Personal information
- Born: February 11, 1980 (age 46) New Orleans, Louisiana, U.S.
- Listed height: 5 ft 11 in (1.80 m)
- Listed weight: 180 lb (82 kg)

Career information
- High school: River Ridge (LA) Curtis Christian
- College: Arkansas
- NFL draft: 2004: 5th round, 160th overall pick

Career history
- Miami Dolphins (2004); Dallas Cowboys (2005)*; Cincinnati Bengals (2005–2006)*; Calgary Stampeders (2007); Team Arkansas (2008)*;
- * Offseason and/or practice squad member only

Awards and highlights
- First-team All-SEC (2003); 2× Second-team All-SEC (2001, 2002);
- Stats at Pro Football Reference

= Tony Bua =

American gridiron football player (born 1980)

Tony Bua (born February 11, 1980) is an American former professional football player who was a linebacker in the National Football League (NFL). He played college football for the Arkansas Razorbacks. His hometown is Liberty, Texas.

==College career==
Bua had a distinguished college career as a linebacker/safety while playing at the University of Arkansas, and entered the draft with Mark Bloom as his agent.

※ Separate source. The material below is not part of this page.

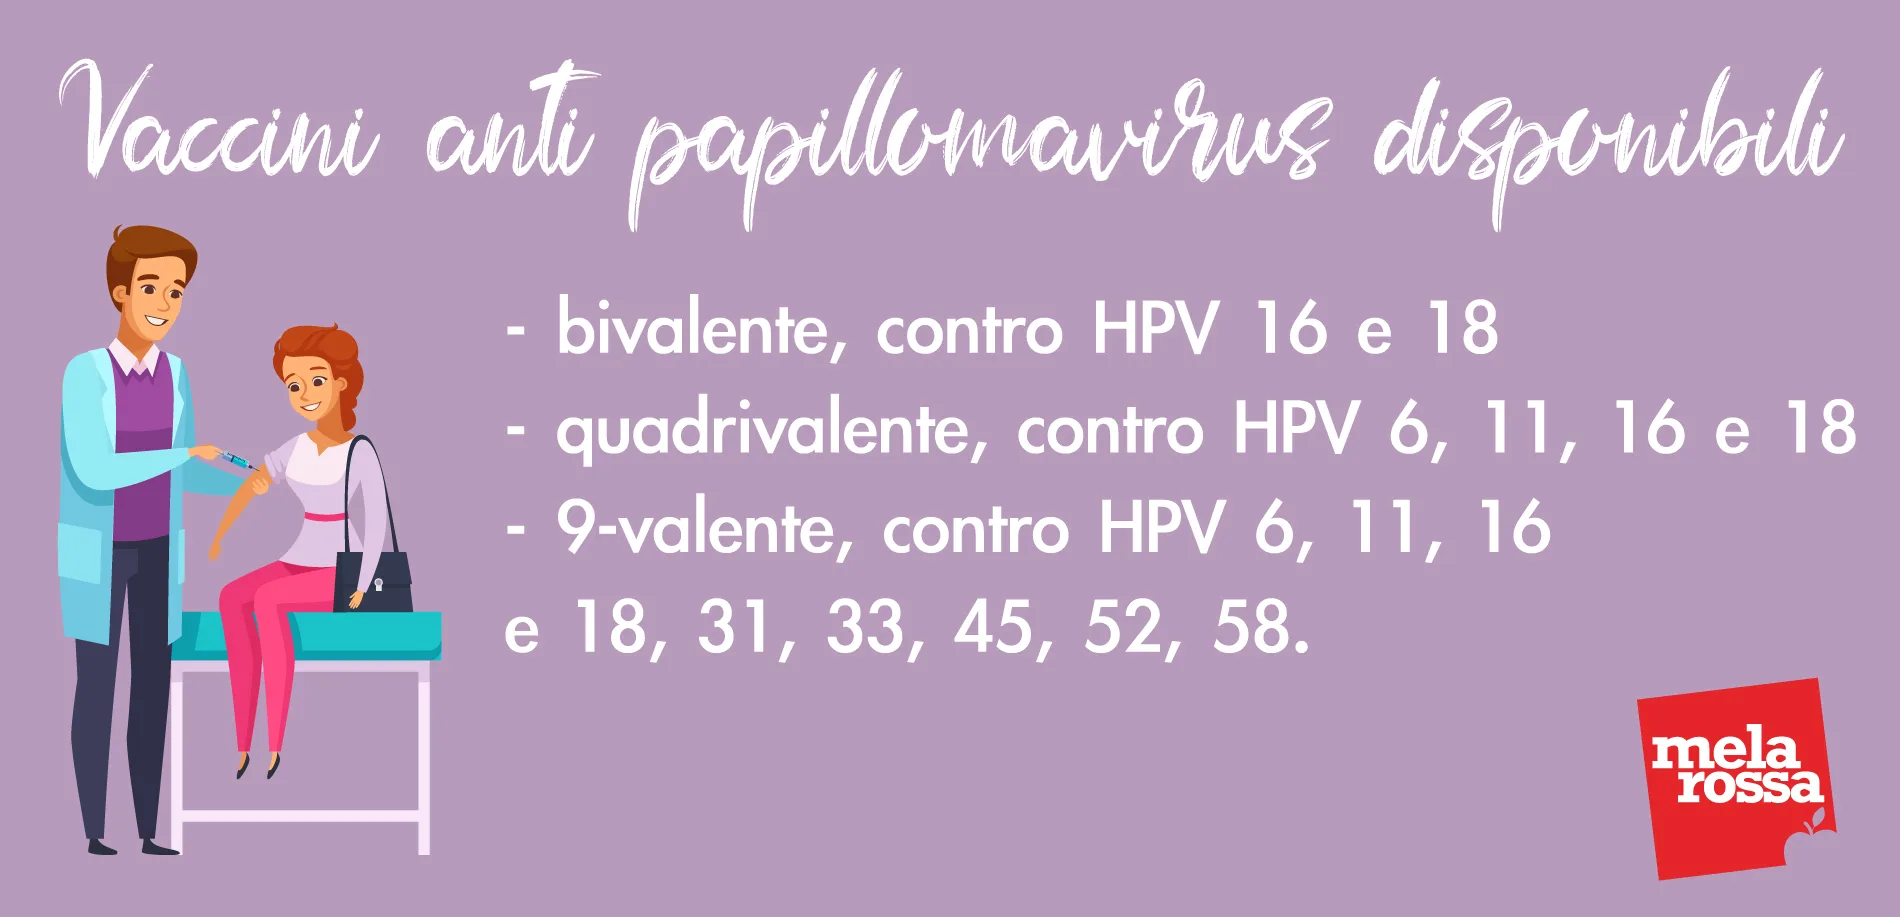 papilloma virus e ciclo mestruale)

Although Bua was selected as a linebacker, he mainly was used to play on special teams, primarily during punting situations.

==Professional career==
===NFL===
Bua was drafted in the 5th round of the 2004 NFL draft by the Miami Dolphins. During preseason workouts, Bua was praised by Dolphins head coach Dave Wannstedt for his work ethic and performance, and was stated to have a chance to make the roster. During the season, Bua missed a 4-week stretch in the early part of the season due to a hamstring injury, and then on Week 11 during a game with the Seattle Seahawks, he injured his quadriceps and was placed on the injured reserve. He played a total of seven regular season games for the Dolphins.

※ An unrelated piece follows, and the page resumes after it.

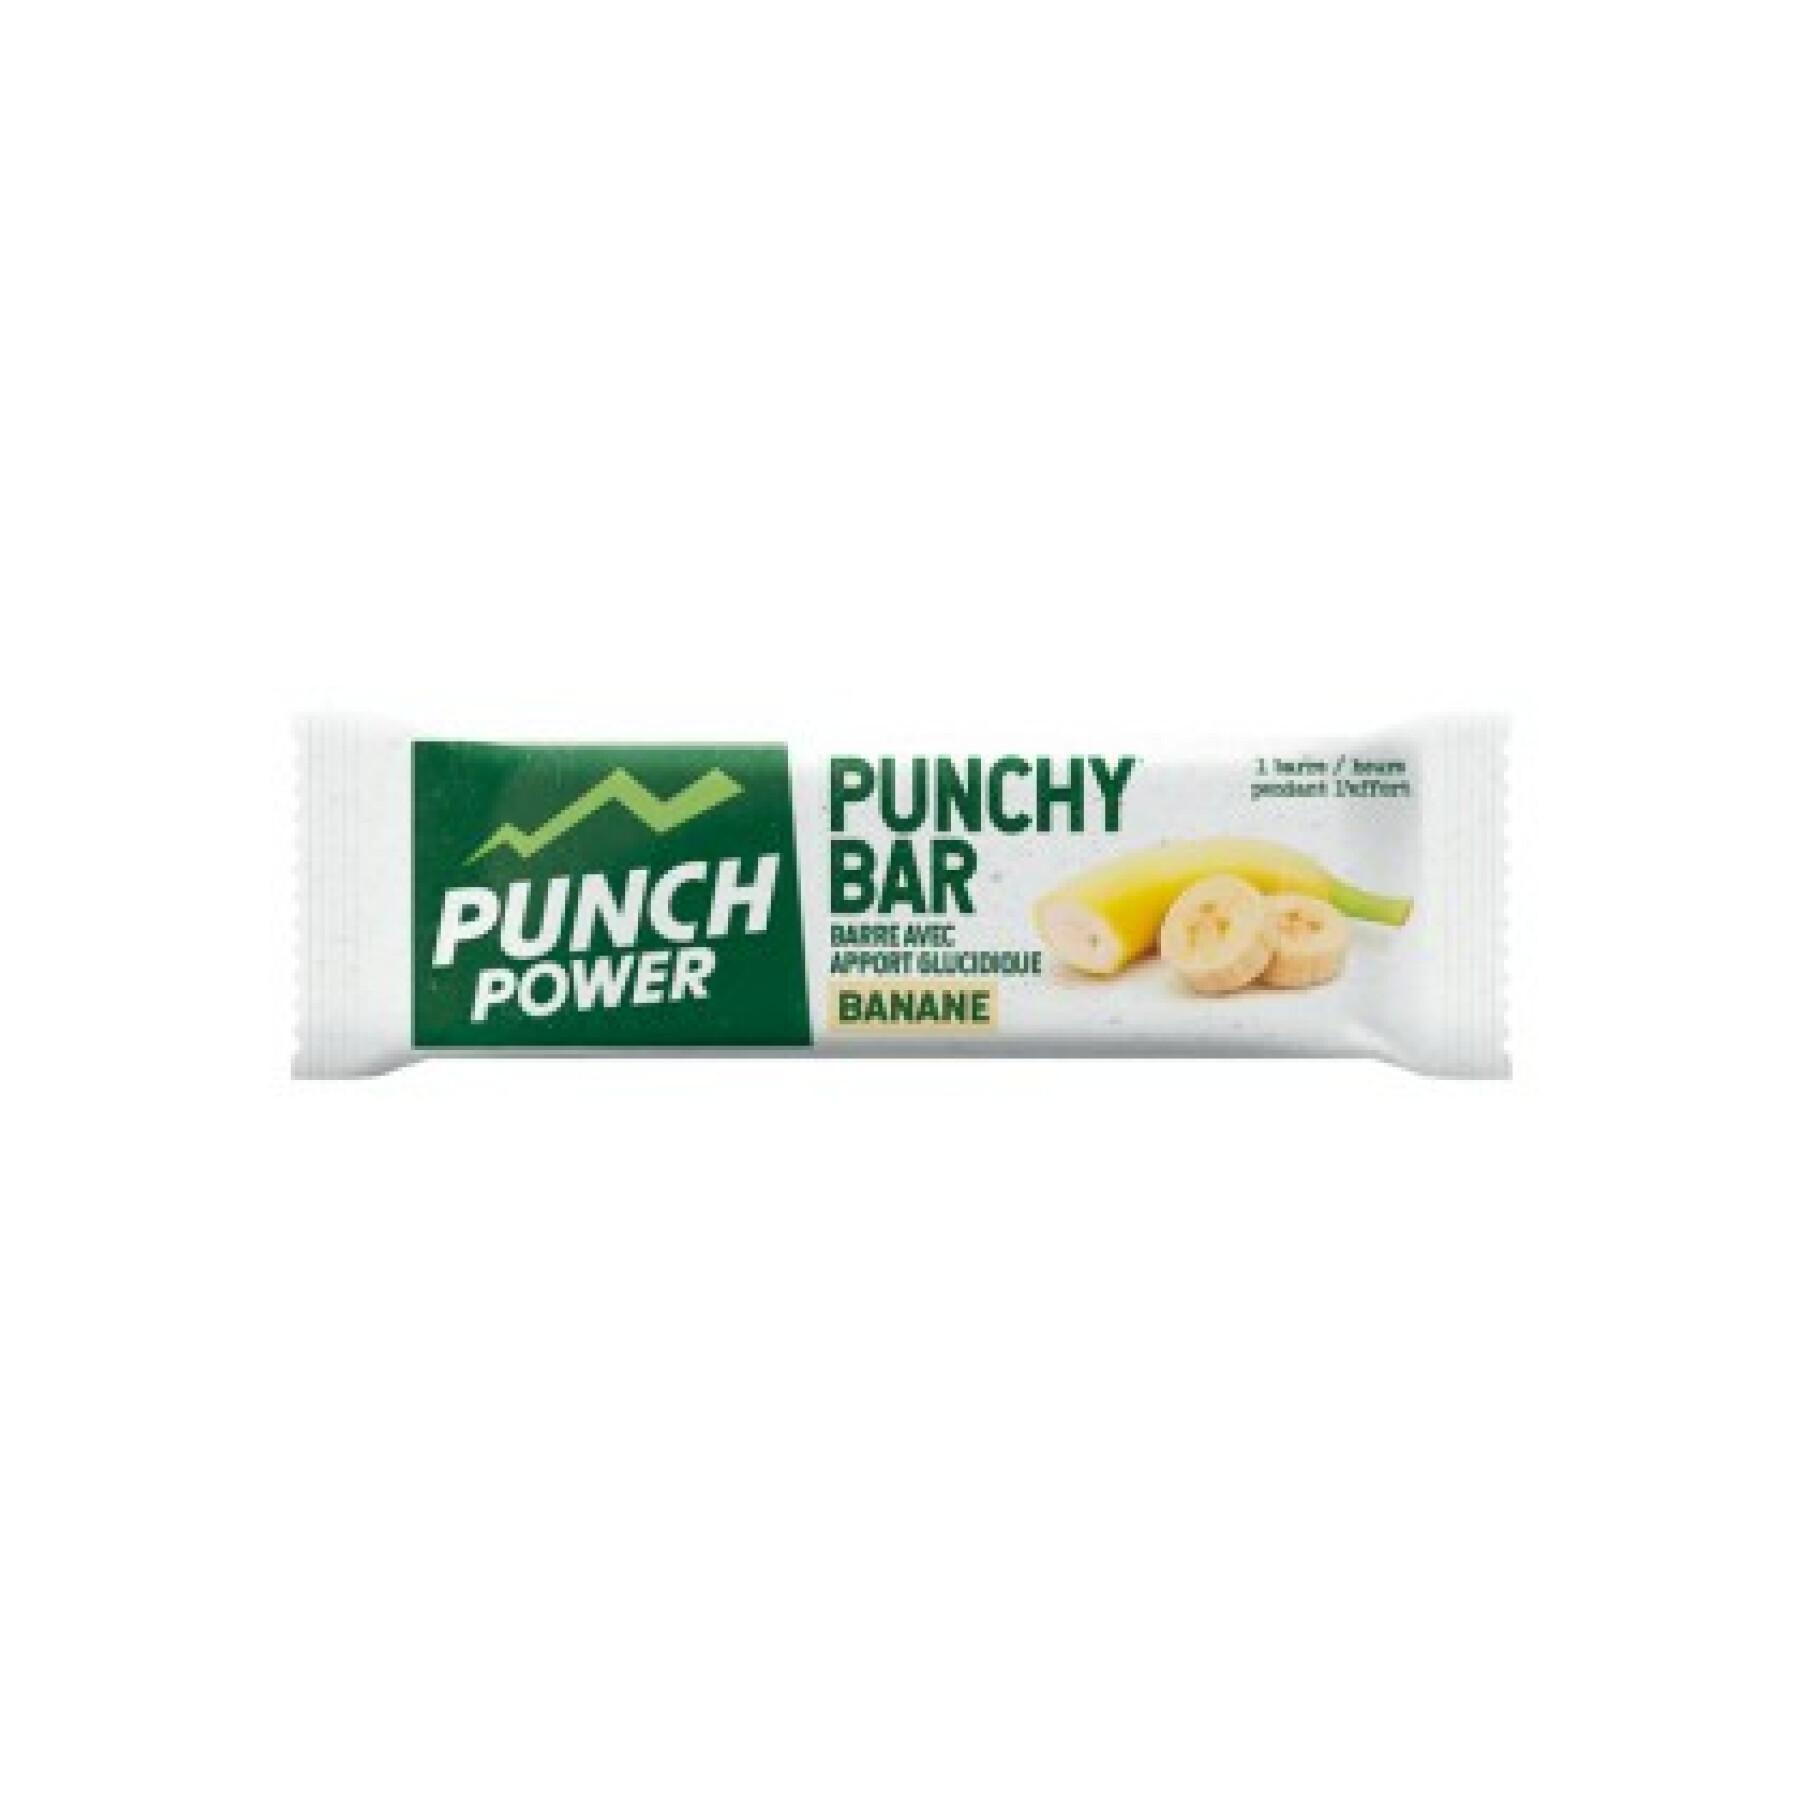 Muestra 40 barras de energía Punch Power Punchybar Banane

While Bua was moved to safety to begin the 2005 season, the Dolphins waived him on September 4. He was then signed to the Dallas Cowboys's practice squad but was waived on October 19. He was then signed by the Cincinnati Bengals, but on August 20, 2006, he again was waived. Bua reportedly worked out with the Minnesota Vikings, but was never signed.

===CFL===
Bua played four games for the Calgary Stampeders, but was released during the season.

===AAFL===
Bua signed to play in the AAFL in its inaugural season, for Team Arkansas.